Treatment of Rhabdomyosarcoma
Rhabdomyosarcoma treatment is usually done by combining two or more treatment methods. Here is the explanation:
The operation aims to remove all cancer cells. If the cancer cannot be completely removed, the doctor will combine the operation with other treatments, such as chemotherapy or radiotherapy, to remove the remaining cancer cells.
Chemotherapy aims to shrink the size of the tumor before surgery so that tumor handling is more effective. Some drugs used in rhabdomyosarcoma chemotherapy are doxorubicin, vincristine , cyclophosphamide, and etoposide.
Radiotherapy aims to kill cancer cells using high intensity radiation. Radiotherapy is usually combined with chemotherapy and is done over several weeks.
Radiation therapy is generally performed 5 days a week, with each session lasting around 15-30 minutes.
Complications of Rhabdomyosarcoma
Rhabdomyosarcoma that is not treated properly can spread to other body organs, such as bones, lymph nodes, and lungs.
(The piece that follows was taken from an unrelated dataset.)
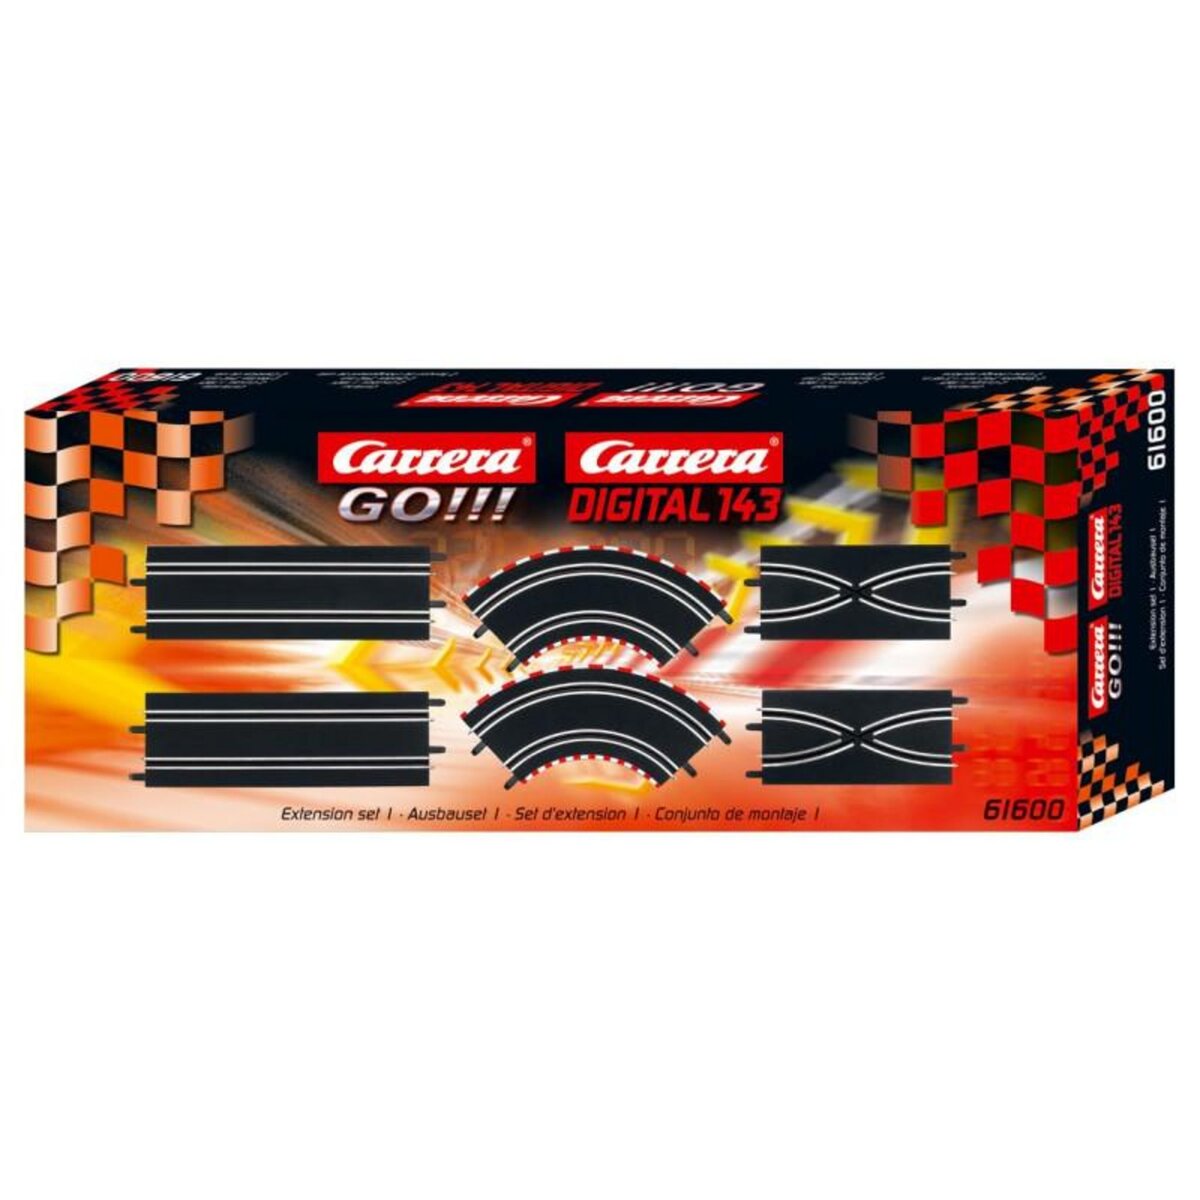 Carrera Carrera GO!!! -Extension set
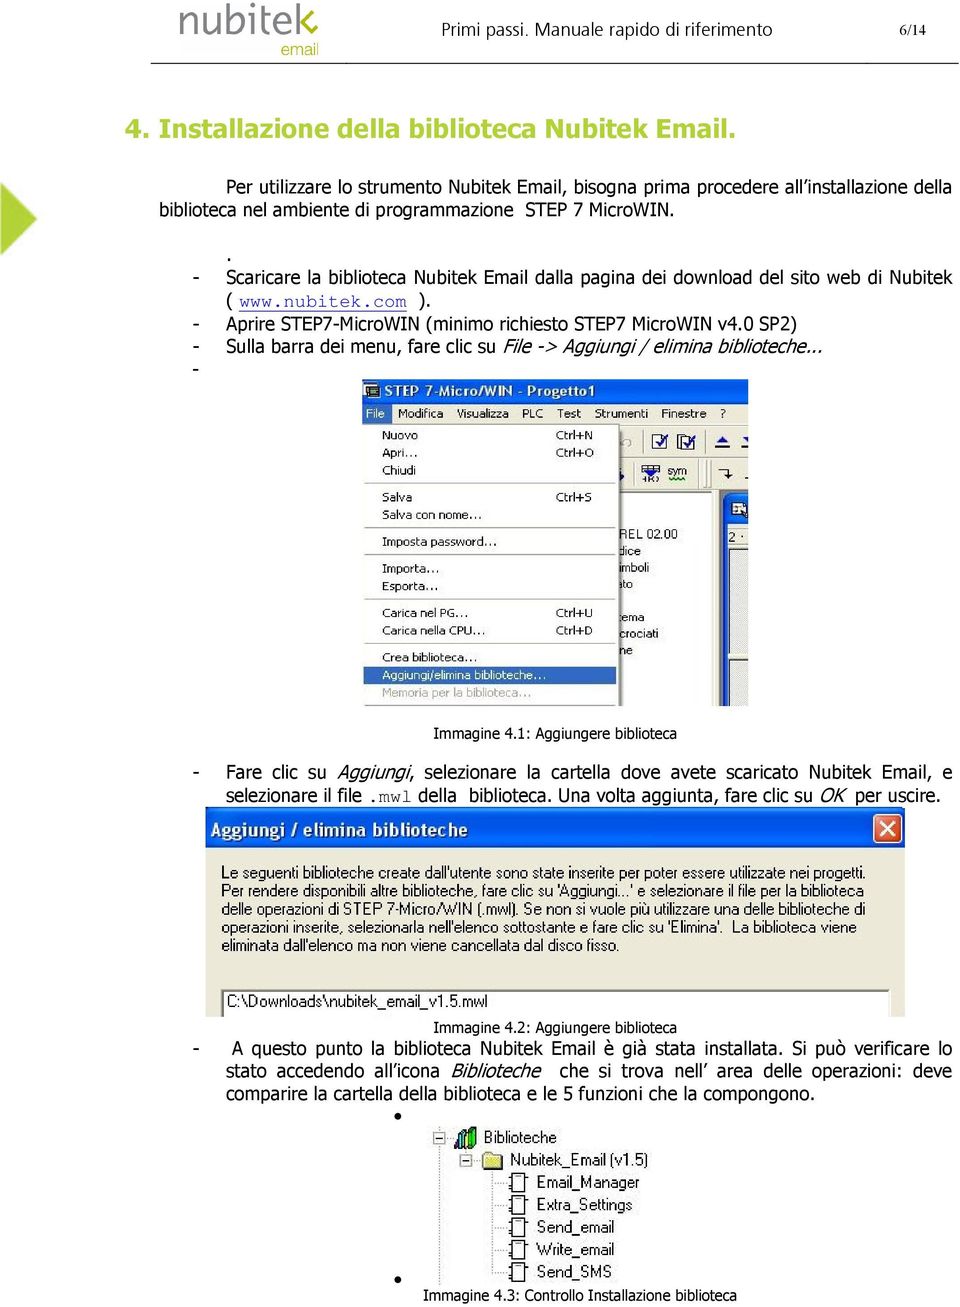 . - Scaricare la biblioteca Nubitek Email dalla pagina dei download del sito web di Nubitek ( www.nubitek.com ). - Aprire STEP7-MicroWIN (minimo richiesto STEP7 MicroWIN v4.

In addition, rhabdomyosarcoma patients can also experience other complications due to the side effects of treatment including:
- Hearing impairment
- Growth disorders
- Fertility disorders
- Kidney and heart disorders
- Another cancer appeared
Prevention of Rhabdomyosarcoma
Rhabdomyosarcoma cannot be prevented, because the cause is not yet known. However, to reduce the risk of this condition occurring, do genetic screening and consult with a doctor routinely if planning pregnancy. Expectant mothers also need to adopt a healthy lifestyle, both before and after giving birth.
Examination also needs to be done if there is a history of rhabdomyosarcoma in the family. That way, the child's risk of getting rhabdomyosarcoma will decrease.